Ziemia chrzanowska
Wspominamy dziś ofiary zbrodni katyńskiej, także z ziemi chrzanowskiej
Wiosną 1940 roku sowieci zamordowali prawie 22 tysiące Polaków. W niewoli zginęli żołnierze zawodowi, rezerwiści i policjanci. W tym gronie znaleźli się m.in. nauczyciele Roman Dniestrzański (uczył w gimnazjum w Chrzanowie), Leon Morawiec z Trzebini, Józef Rejdych i Zygmunt Jan Janikowski. Na liście ofiar jest też weterynarz Emilian Wyzina z Krzeszowic, absolwent chrzanowskiego gimnazjum.
Życie stracili także rezerwiści, którzy w cywilu byli urzędnikami. W tym gronie byli Alojzy Cekiera, Jan Łysakowski rodem z Myślachowic, Władysław Sokołowski, kustosz muzealny Teofil Luzar oraz Marian Pająk z Sierszy (w tamtejszej kopalni był księgowym). Inny katyńczyk Emil Stach był technikiem mechanikiem pracującym w Fabloku.

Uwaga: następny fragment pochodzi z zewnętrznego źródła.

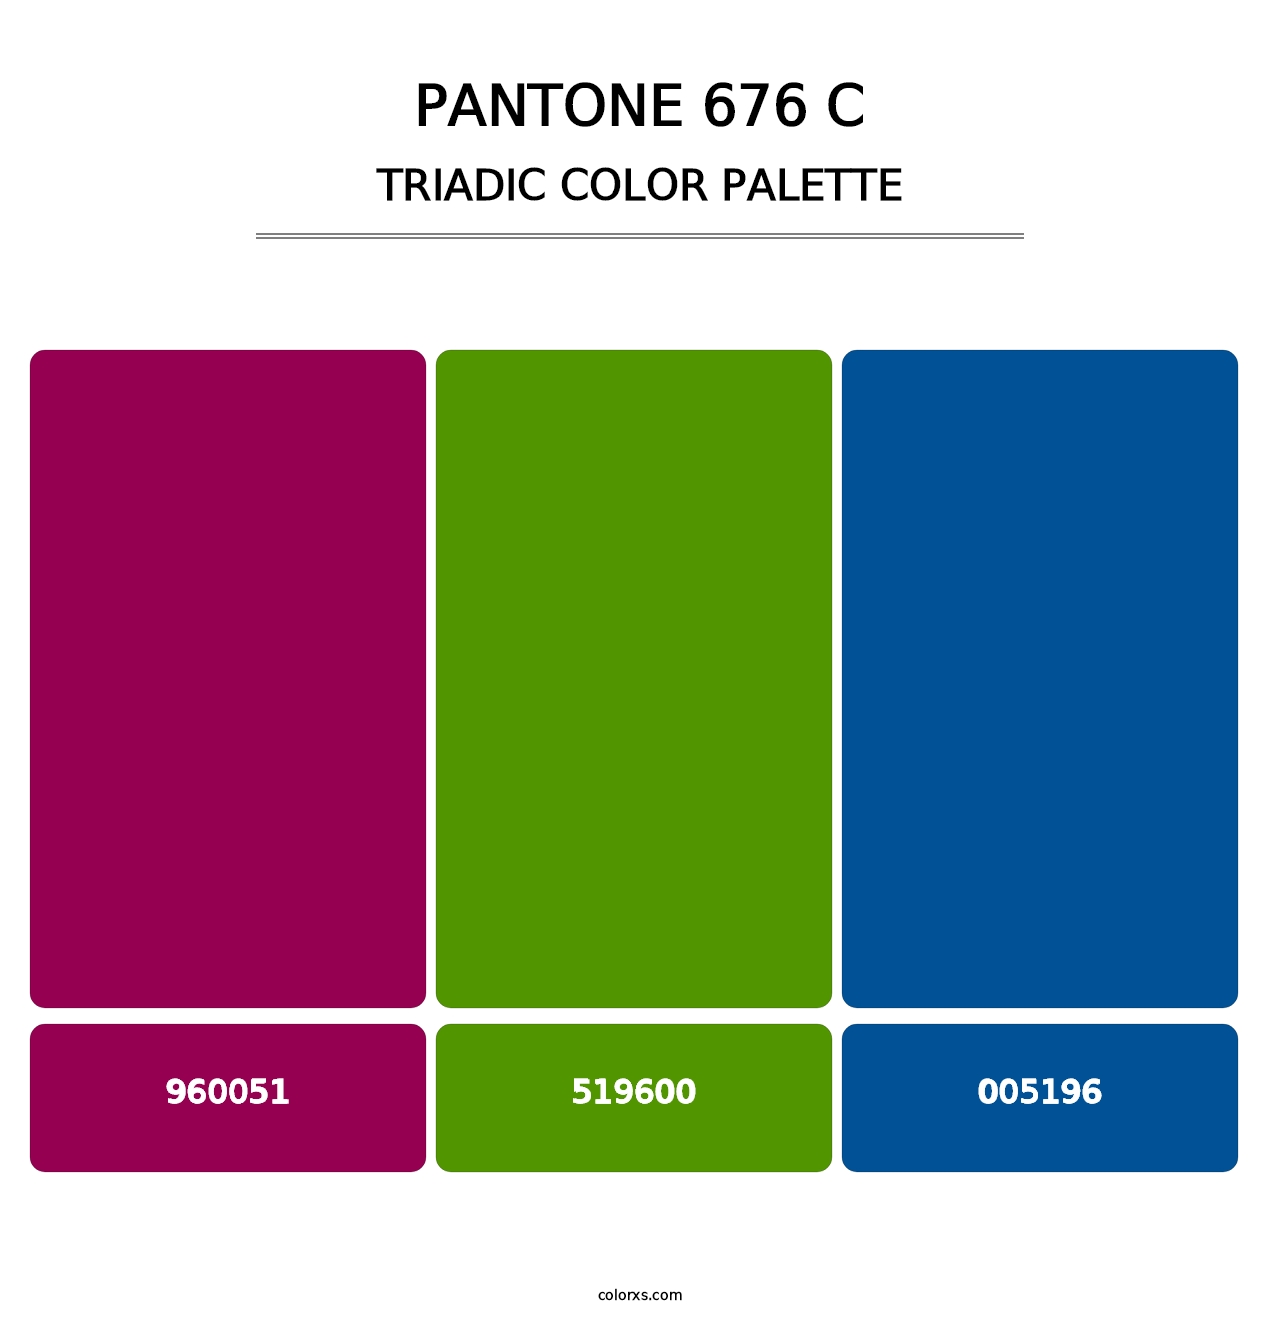 PANTONE 676 C - Triadic Color Palette

Największą grupę ofiar stanowili policjanci i żołnierze zawodowi (m.in. Jan Oczkowski, Teofil Łaciak, Stanisław Piotrowski, Jan Filipek, Roman Janas i Franciszek Piekarski).
W parku naprzeciwko siedziby Muzeum w Chrzanowie znajduje się tablica poświęcona pamięci polskich oficerów, zamordowanych w lasach katyńskich. Została odsłonięta 7 kwietnia 2010 roku. Zasadzono tam także dęby katyńskie, które upamiętniły Jana Oczkowskiego, Franciszka Piekarskiego, Emila Stacha i Felicjana Stradę.
Trzy dęby zostały posadzone w Trzebini. Upamiętniają Jana Lasotę, Mariana Pająka i Eugeniusza Raszka.
Komentarze
1 komentarz
Autorytarni komuniści nie chcieli dopuścić do ujawnienia prawdy o zbrodni katyńskiej i zabraniali stawiania pomników, ujawniających tą zbrodnię, ale podobno komunizm w Polsce skończył się w 1989 r. to dlaczego pomnik katyński stanął w Chrzanowie dopiero w 2010 r.? Czyli z tego wynika, że do 2010 r. Chrzanowem rządzili komuniści, którzy mieli swoje pomniki takie jak w parku w Kościelcu czy w lesie koło Libiąża. Ale władzę autorytarną mamy jeszcze w Warszawie, która blokowała powstanie pomnika smoleńskiego i blokuje powstanie ulicy Prezydenta Lecha Kaczyńskiego.